--- The records Enclosed Below ---
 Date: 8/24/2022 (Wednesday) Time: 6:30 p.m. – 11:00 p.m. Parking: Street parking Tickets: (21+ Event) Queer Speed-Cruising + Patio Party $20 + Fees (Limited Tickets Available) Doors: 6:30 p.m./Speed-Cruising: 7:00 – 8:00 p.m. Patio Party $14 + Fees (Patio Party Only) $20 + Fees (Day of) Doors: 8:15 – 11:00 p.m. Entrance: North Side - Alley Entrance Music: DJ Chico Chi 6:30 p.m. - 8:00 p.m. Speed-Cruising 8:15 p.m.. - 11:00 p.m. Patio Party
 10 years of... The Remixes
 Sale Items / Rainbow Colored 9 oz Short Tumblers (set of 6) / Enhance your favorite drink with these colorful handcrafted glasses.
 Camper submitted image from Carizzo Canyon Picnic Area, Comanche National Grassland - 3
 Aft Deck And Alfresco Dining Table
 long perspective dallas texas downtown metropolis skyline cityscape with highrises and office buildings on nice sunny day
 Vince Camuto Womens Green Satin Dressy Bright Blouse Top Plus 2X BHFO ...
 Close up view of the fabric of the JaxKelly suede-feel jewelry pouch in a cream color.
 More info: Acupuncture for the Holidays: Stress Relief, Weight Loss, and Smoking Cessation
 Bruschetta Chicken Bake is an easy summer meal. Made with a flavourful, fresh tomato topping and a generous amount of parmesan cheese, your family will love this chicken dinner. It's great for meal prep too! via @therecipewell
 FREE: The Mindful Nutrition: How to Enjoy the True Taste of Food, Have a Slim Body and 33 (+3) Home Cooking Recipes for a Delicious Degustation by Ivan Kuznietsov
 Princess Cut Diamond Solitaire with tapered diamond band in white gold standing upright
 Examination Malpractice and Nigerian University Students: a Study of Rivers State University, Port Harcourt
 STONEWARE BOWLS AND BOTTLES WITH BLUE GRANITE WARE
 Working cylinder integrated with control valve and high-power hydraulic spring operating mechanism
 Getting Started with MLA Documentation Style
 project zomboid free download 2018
--- End of Enclosed The records ---
## Directions for this task
Copy the data exactly as it was presented.

## Result of this exercise
 Date: 8/24/2022 (Wednesday) Time: 6:30 p.m. – 11:00 p.m. Parking: Street parking Tickets: (21+ Event) Queer Speed-Cruising + Patio Party $20 + Fees (Limited Tickets Available) Doors: 6:30 p.m./Speed-Cruising: 7:00 – 8:00 p.m. Patio Party $14 + Fees (Patio Party Only) $20 + Fees (Day of) Doors: 8:15 – 11:00 p.m. Entrance: North Side - Alley Entrance Music: DJ Chico Chi 6:30 p.m. - 8:00 p.m. Speed-Cruising 8:15 p.m.. - 11:00 p.m. Patio Party
 10 years of... The Remixes
 Sale Items / Rainbow Colored 9 oz Short Tumblers (set of 6) / Enhance your favorite drink with these colorful handcrafted glasses.
 Camper submitted image from Carizzo Canyon Picnic Area, Comanche National Grassland - 3
 Aft Deck And Alfresco Dining Table
 long perspective dallas texas downtown metropolis skyline cityscape with highrises and office buildings on nice sunny day
 Vince Camuto Womens Green Satin Dressy Bright Blouse Top Plus 2X BHFO ...
 Close up view of the fabric of the JaxKelly suede-feel jewelry pouch in a cream color.
 More info: Acupuncture for the Holidays: Stress Relief, Weight Loss, and Smoking Cessation
 Bruschetta Chicken Bake is an easy summer meal. Made with a flavourful, fresh tomato topping and a generous amount of parmesan cheese, your family will love this chicken dinner. It's great for meal prep too! via @therecipewell
 FREE: The Mindful Nutrition: How to Enjoy the True Taste of Food, Have a Slim Body and 33 (+3) Home Cooking Recipes for a Delicious Degustation by Ivan Kuznietsov
 Princess Cut Diamond Solitaire with tapered diamond band in white gold standing upright
 Examination Malpractice and Nigerian University Students: a Study of Rivers State University, Port Harcourt
 STONEWARE BOWLS AND BOTTLES WITH BLUE GRANITE WARE
 Working cylinder integrated with control valve and high-power hydraulic spring operating mechanism
 Getting Started with MLA Documentation Style
 project zomboid free download 2018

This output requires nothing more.